Table 7.
Tier IV: Benign/Likely Benign Variants
| Evidence source/type | Available evidence |
|---|---|
| FDA-approved therapies, PG, investigational therapies | None |
| Mutation type | Functionally benign or unknown; mostly missense; less commonly, other types |
| Variant frequencies | Mostly nonmosaic (VAF, approximately 50% or 100%) |
| Potential germline∗ | Mostly nonmosaic (VAF, approximately 50% or 100%) |
| Population database: ESP, dbSNP, 1000Genome, ExAC | MAF ≥ 1% in the general population; or high MAF in some ethnic populations |
| Germline database: HGMD, ClinVar | Absent or present but downgraded to benign/likely benign |
| Somatic database: COSMIC, My Cancer Genome, TCGA | Absent or present without association to specific tumors (potential rare germline polymorphism) |
| Predictive software: SIFT, PolyPhen2, MutTaster, CADD | Mostly benign; information to be used for reference only |
| Pathway involvement | May or may not involve disease-associated pathways |
| Publications: functional study, population study, other | Reported evidence supportive of benign/likely benign; or none |
Italicized text indicates examples provided within each category; these are not comprehensive lists, and inclusion does not represent an organizational endorsement of any individual database or product.
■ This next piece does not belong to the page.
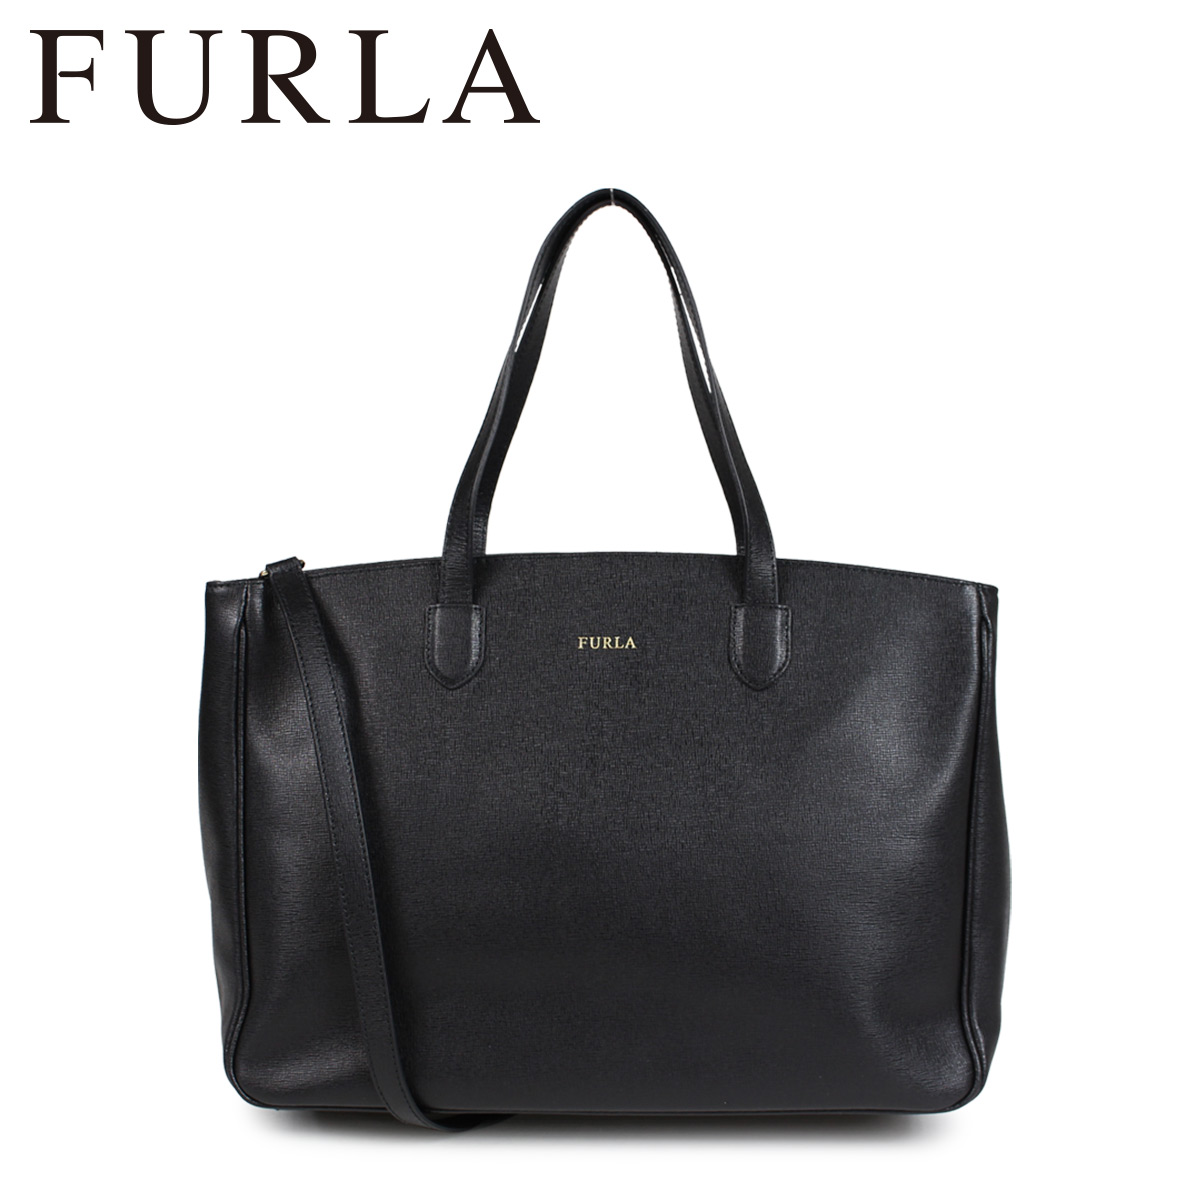 FURLA フルラ バッグ トートバッグ レディース PAMELA LEATHER TOTE BAG ブラック 920603

COSMIC, Catalog of Somatic Mutations in Cancer; dbSNP, The Database of Short Genetic Variation; ExAC, Exome Aggregation Consortium; FDA, Food and Drug Administration; HGMD, Human Gene Mutation Database; MAF, minor allele frequency; PG, professional guideline; TCGA, The Cancer Genome Atlas; VAF, variant allele frequency.
∗
Confirmation on normal tissue if tested tumor only and genetic counseling should be recommended.